In Nigeria today, in light of the cloud of bad governance that currently envelopes the country, there is an increasing clamour for more good men in Nigeria – in this case successful professionals in different fields of endeavour – to get involved in politics to rescue the country and the citizens from the present quagmire.

Alex Otti, immediate past group managing director/chief executive officer, Diamond Bank plc, while speaking in Lagos recently at the launch of a book of essays in honour of Phillips Oduoza, outgoing GMD/CEO of United Bank for Africa plc, encouraged the retiring UBA boss to go into politics and use his wealth of professional experience gathered over a period of 30 to get his home state of Imo out of the woods. He also urged other Nigerian professionals to join politics now or watch the country further descend into a cesspool.

“When you go out there and see the quality of people who make decisions that affect you and me, you will be ashamed.

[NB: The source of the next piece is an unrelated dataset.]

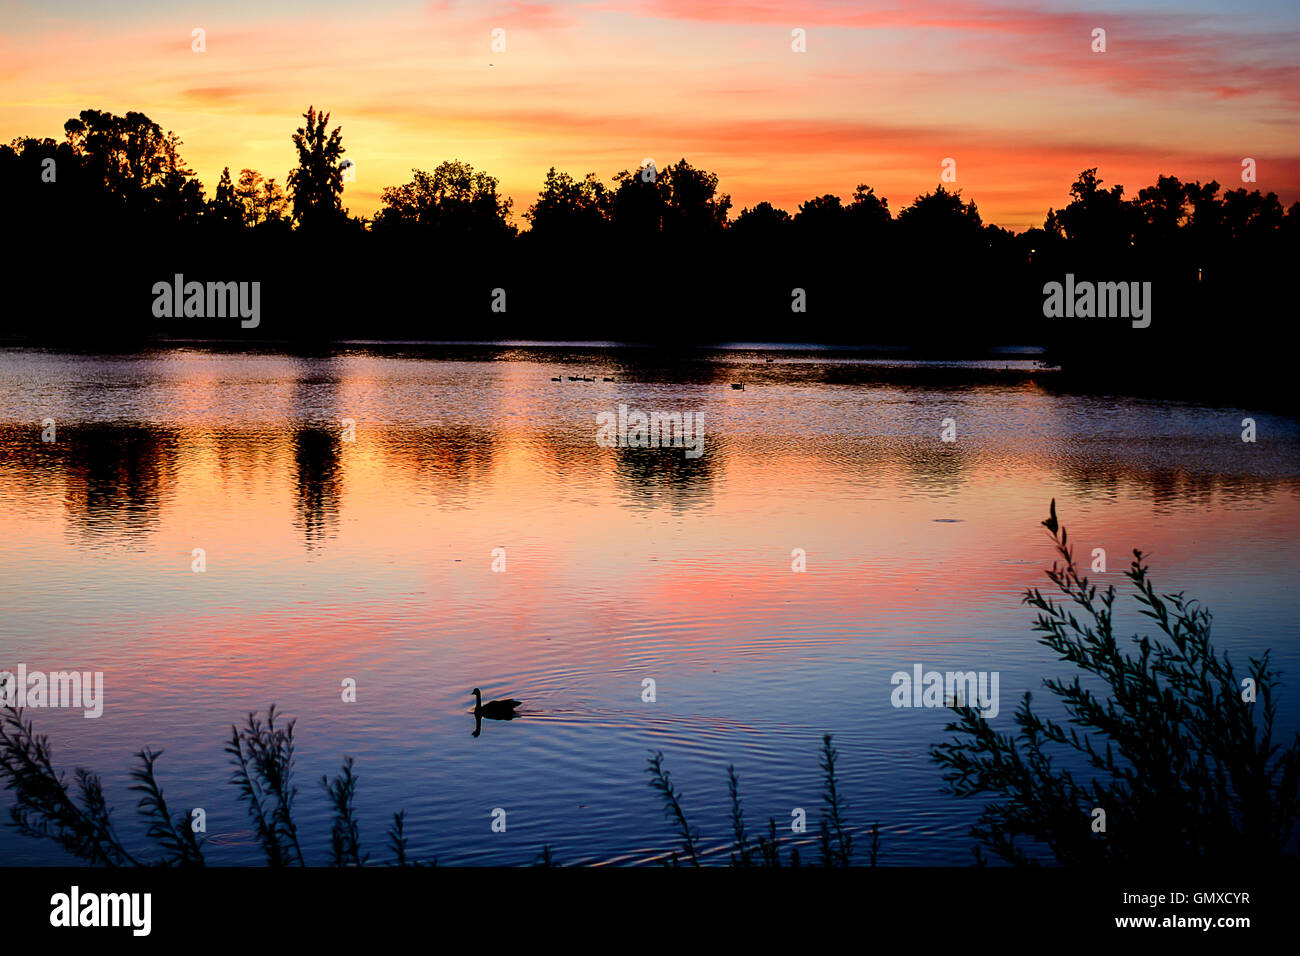 Lac de soleil colorés avec réflexion et belle lumière. Grand oiseau nager dans le lac. Banque D'Images

You can go to Youtube and watch a legislator at the House of Representatives talking about our economy. I don’t remember the name of the gentleman but I remember what he said. A legislator, a House of Reps member was asked how the economy was doing, and he said, ‘The economy is sinking; it is doing like this, like that, like this, like that. If not for this strongman called Buhari, the economy would get under water’. That was his own economic analysis,” Otti said.

“Quite frankly, we need to get involved in how this country is run, and the more of us that get in there the better. Otherwise we will be left with nincompoops, mediocre people who will be answering governors, deputy governors, House of Assembly members. As we know, everything is garbage in, garbage out. If you garbage in, you will garbage out,” he said.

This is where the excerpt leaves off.